Abreu - Carga e Trânsitos, Lda.
- Company type: Privately held company
- Industry: Transportation
- Founded: 1994
- Headquarters: Lisbon, Portugal
- Products: Air, land and ocean freight services
- Parent: Viagens Abreu
- Website: www.abreulogistics.com

= Abreu Carga =

Abreu - Carga e Trânsitos, Lda., often simply abbreviated to Abreu Carga or, more recently, Abreu Logistics, is one of the main freight forwarders' companies in Portugal, and operates air, land and ocean freight services from, to and within Portugal.

Established in Porto in 1994, the current headquarters are located in the suburb of Santa Iria de Azoia in a spacious and modern office building and warehouse.
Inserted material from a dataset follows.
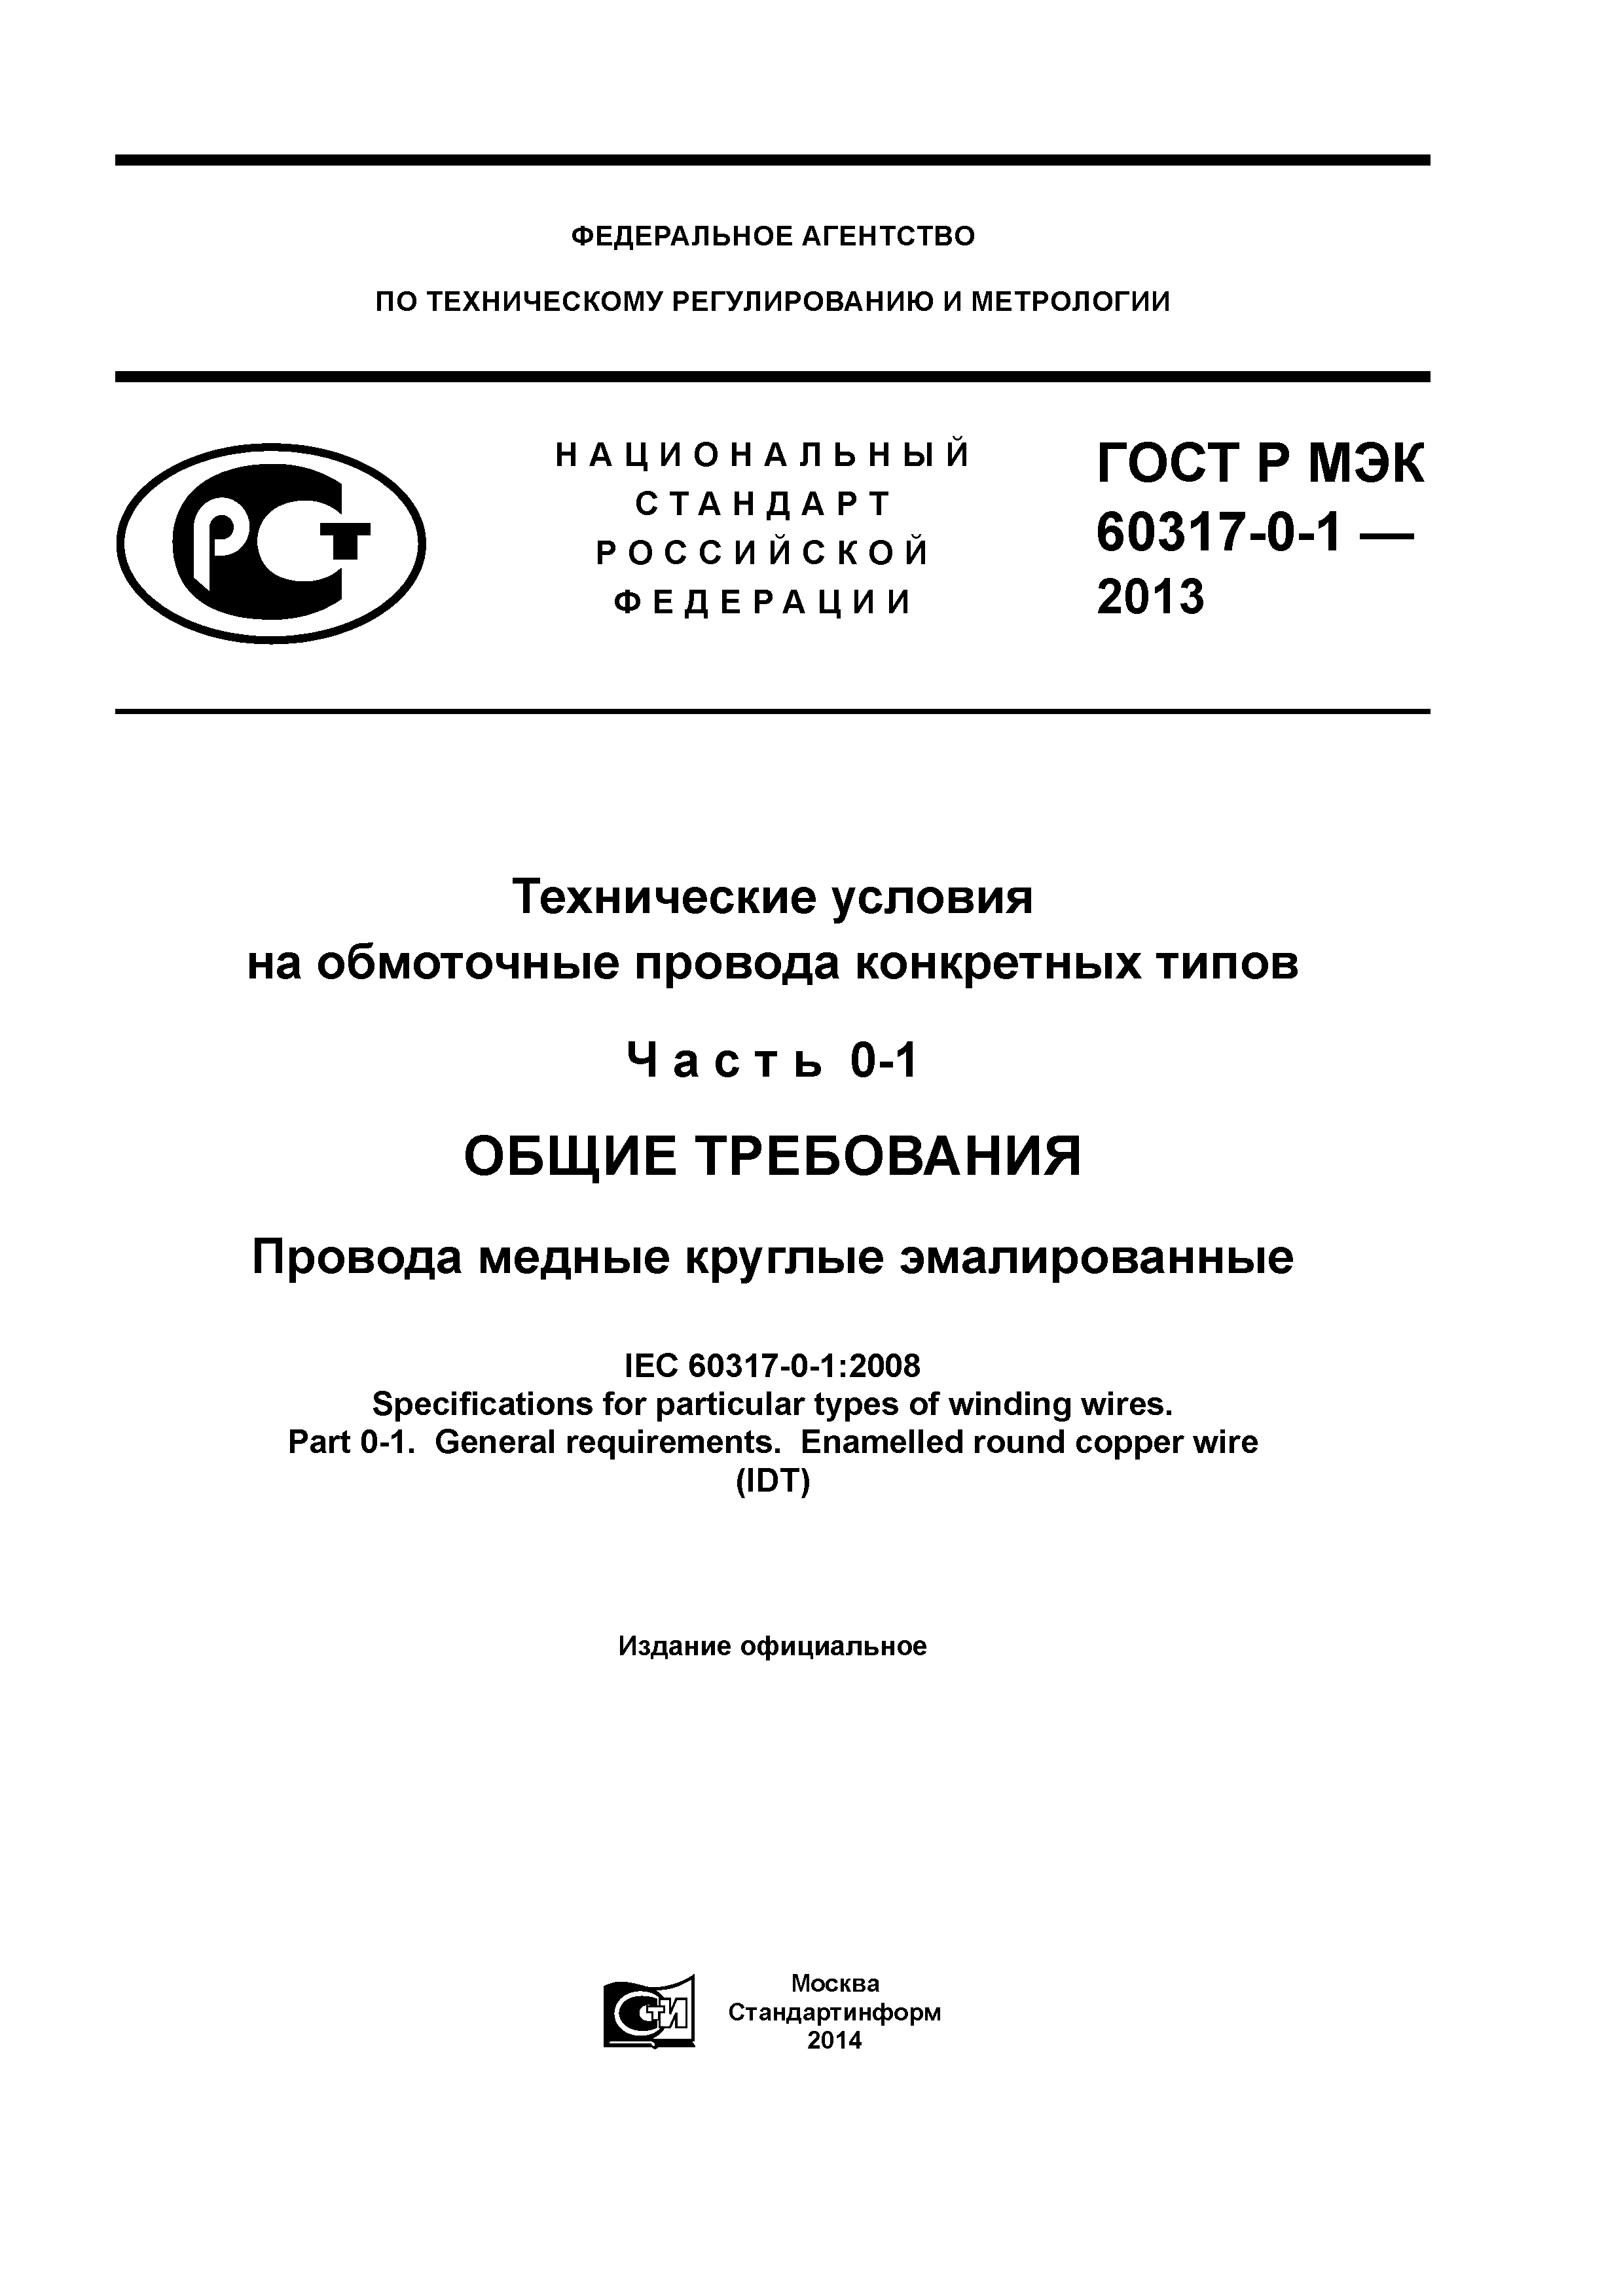 ГОСТ Р МЭК 60317-0-1-2013

Other warehouses and offices of Abreu Logistics are located in the surroundings and airports of Lisbon, Porto, Funchal (Madeira), Ponta Delgada (Azores), Angra do Heroísmo (Azores) and Horta (Azores). New and modern facilities opened in early 2000s in Lisbon and Porto with a total of 30.000 m^{2} (11.000 m^{2} covered area).

Abreu Carga is owned by Viagens Abreu, the leading leisure travel agency in Portugal since 1840.